I am a voracious reader and running out of room on my shelves for any more books,so for Christmas my family gave me a tablet, which can be used as a kindle. What a treat it has been to lay in bed, all toasty and warm and sample new literature through Amazon. After reading Running to the Mountain, I sampled Jon Katz's newest book and can't wait to read Second Chance Dog: A love Story about his wife's dog, Freida, "the dog who kept men away". The sample chapter available on Amazon whet my appetite and I can't wait to read it cover to cover!

Jon Katz is not only a  New York Time's Best Selling Author but our Common Thread Give-Away Artist for January. The picture above, "Morning Road" is signed and matted and ready for an 11 x 14 inch frame. In order to register to win this free give-away, please simply go to his wife, Maria Wulf's website, www.fullmoonfiberart.com and leave a comment there for Jon. The winner will be announced on Sunday versus Thursday of this next week.
                
Jon is a man that I am so proud to call my acquaintance and friend, since participating in the Pig Barn Gallery Show and Sale on Jon and Maria's Bedlam Farm a few years ago.They have since moved down the road  to a smaller version of their original Bedlam Farm, retaining all of the original creative charm of the first, a charm that comes from Jon's love of his wife, Maria and the love that they share for their many animals and community that surround them. To know Jon is to love him, and to read his work is to get a bird's eye view into the heart of this dear man.

His list of New York Times Best Selling books are not Jon's only accomplishments however. Jon's blog, Bedlam Farm Journal,(Bedlamfarm.com) starts my everyday. Unlike other news of the day, Jon's news is guaranteed to start your day with a focus on what is good and prevailing in life. His blog beckons me to see my own life differently and live it to the fullest.  Though Jon may not realize it, his writings often stimulate my thinking which inspires many of my own writings.  I think that that is Jon's gift to the world.  He is unique and he staunchly supports the uniqueness in those around him and his stories bring that to his readers everyday.

Jon's talents and abilities don't stop there. His wonderful photography captures the very soul of the animals and people that he writes about, as well as the country that surrounds him. He never tires of capturing that fresh vision of his world, sending it out to all who subscribe to his blog.  He has also been known to use other mediums to express his joy with the world. He is a man who never seems to grow tired of exploring and expanding his life and sharing it with others. He has even been featured in a special TED talk recently about his gift of living life to the fullest no matter what age. I understand that he was warmly received by his live audience, and I cannot wait to hear and see this special program.

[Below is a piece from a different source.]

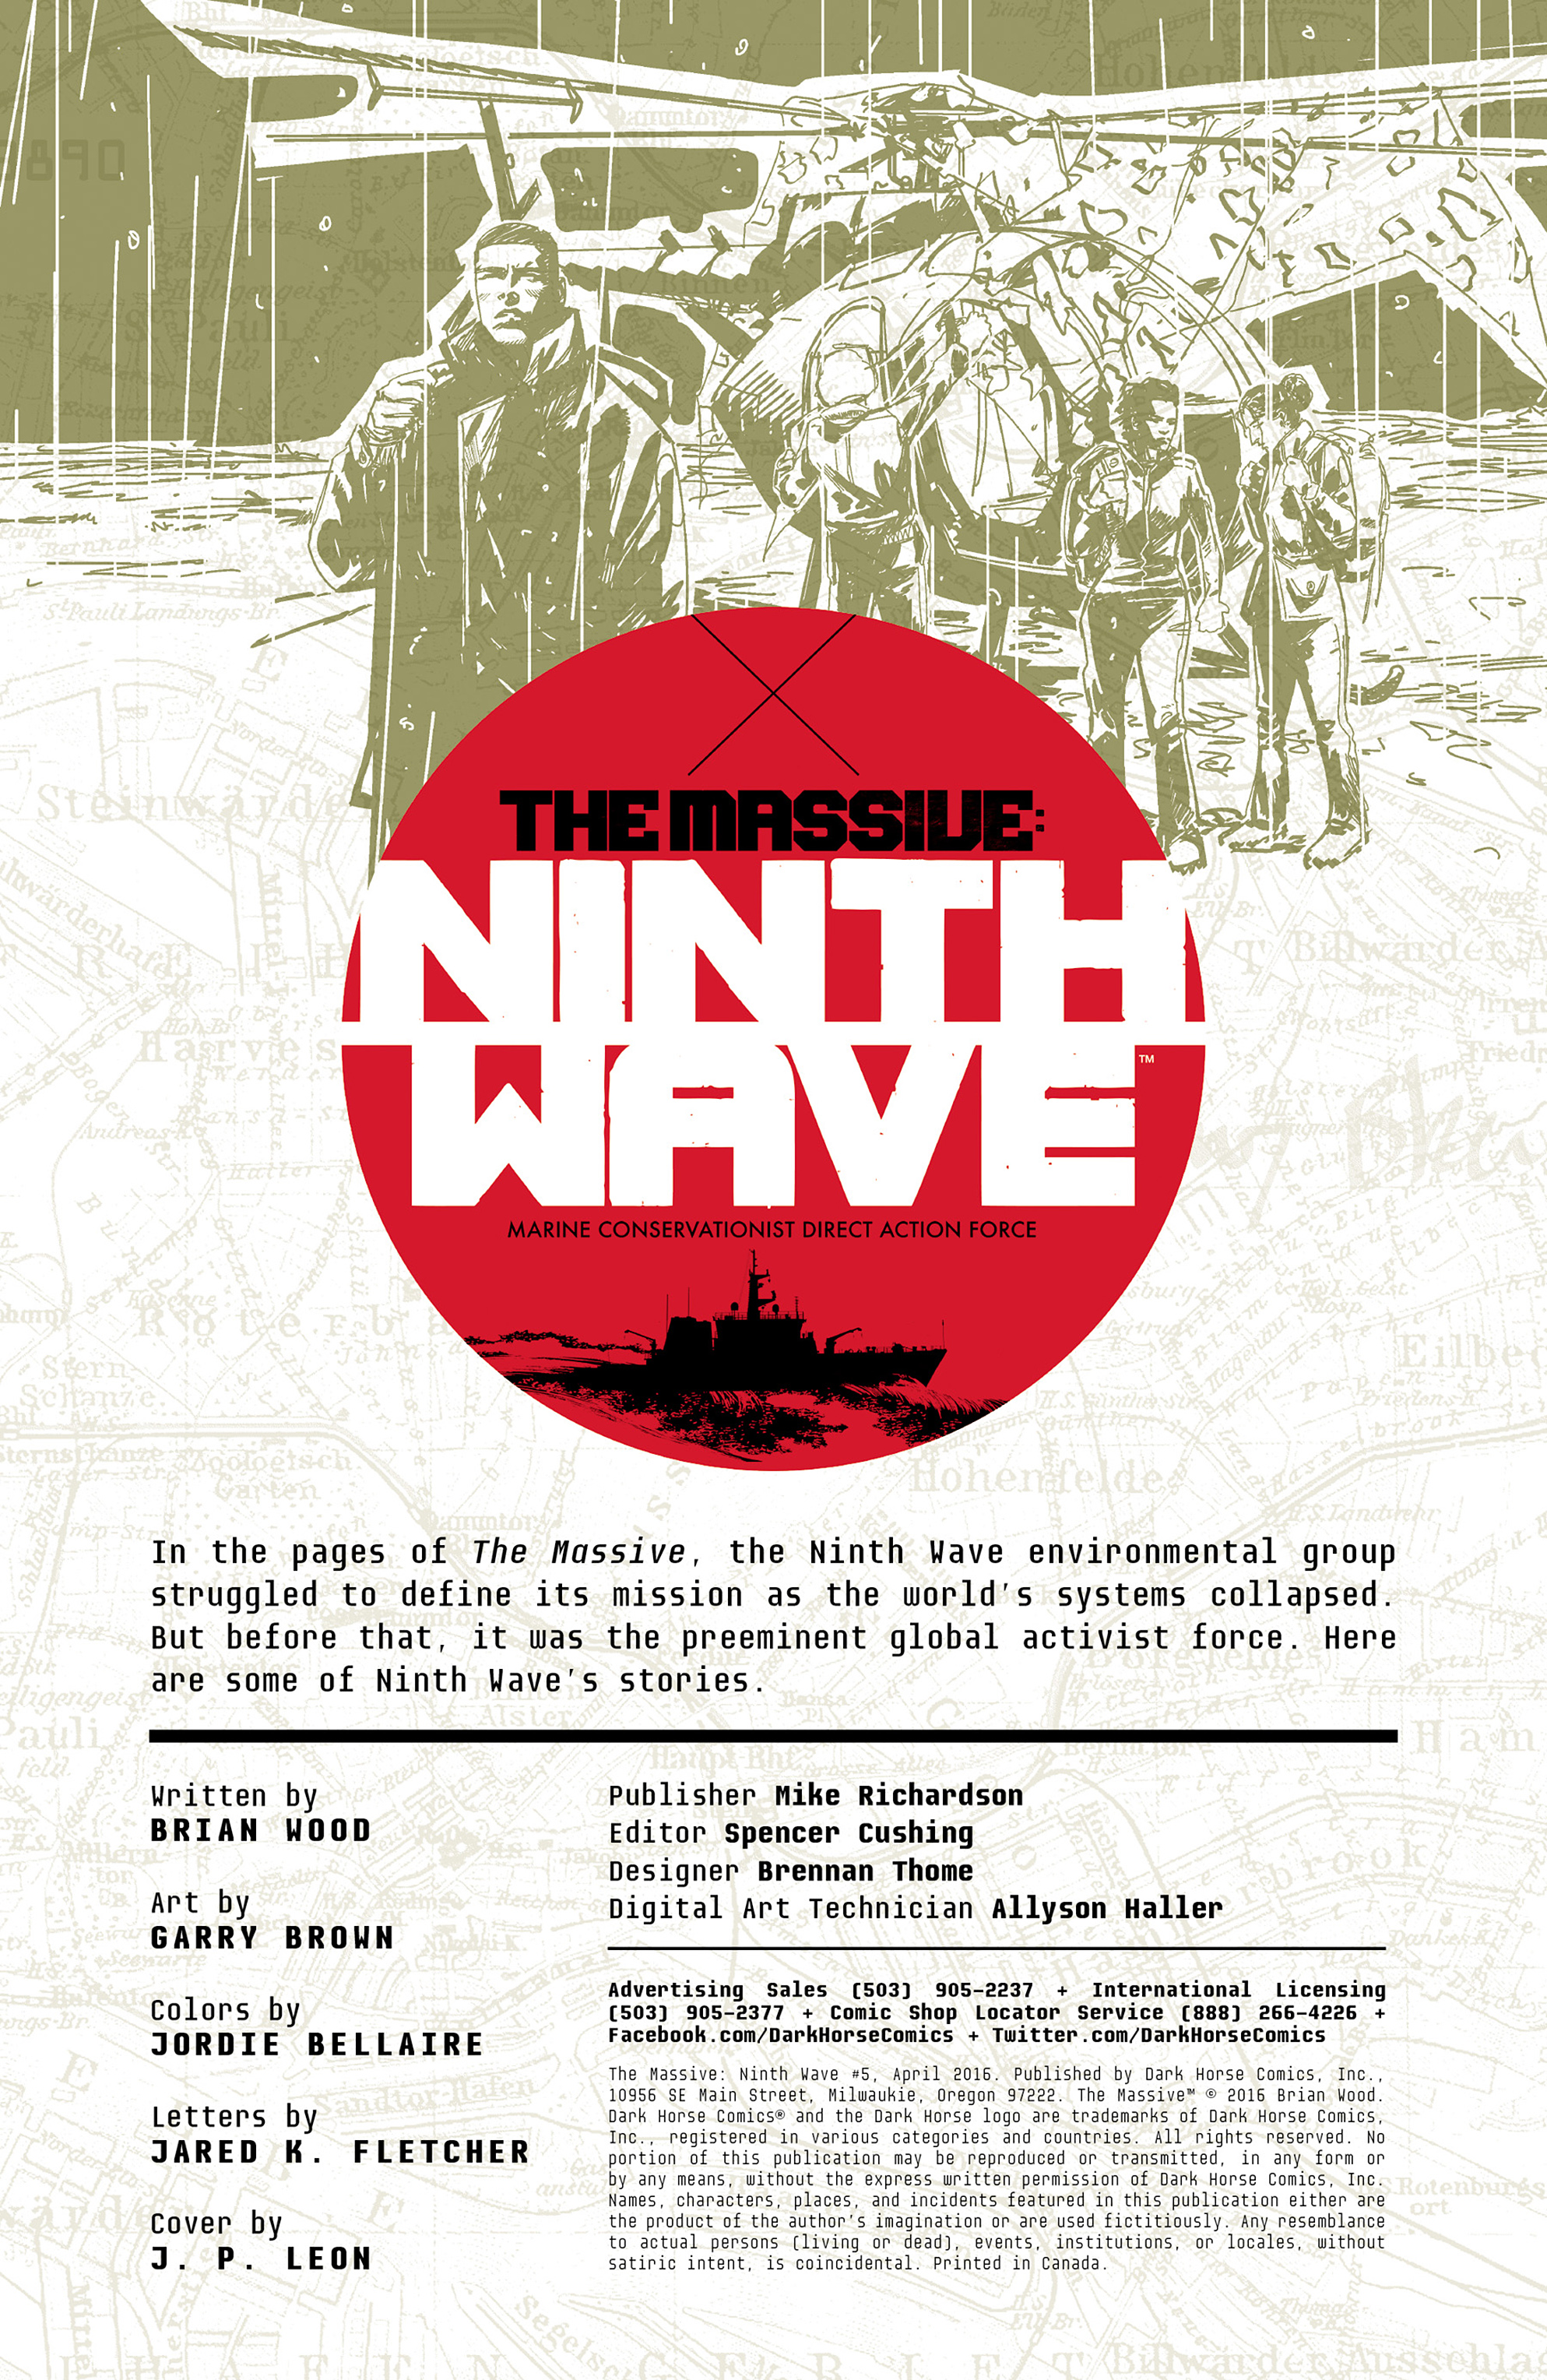 Read online The Massive: Ninth Wave comic -  Issue #5 - 2

Before I end this blog, I must share a true "Jon Katz story". Last spring, he and his wife, Maria hosted a lunch for our Common Thread Artist's group.  Jon was the featured cook, though his talent was not show-cased by he or Maria, as being the perfect host and hostess that they are, their focus was on us as their guests.  I had brought some of my felted heart pins that I had made and opened the box of them for each to choose one they liked best to keep. It was a bit of a hostess gift as well as a gift for the other members of our group. I narrowly had thought of them as gifts for the women in the group, but was pleasantly surprised that Jon wanted one too. For many weeks after that I would see pictures of Jon with my felted heart pin worn for all to see...and realized then how fitting this was for Jon, for with or without my heart pin, Jon truly wears his heart for all to see and know. I cannot think of a greater gift to give to the world Jon, nor a greater compliment to give to you! You are indeed a special gift to us all! Thank you!!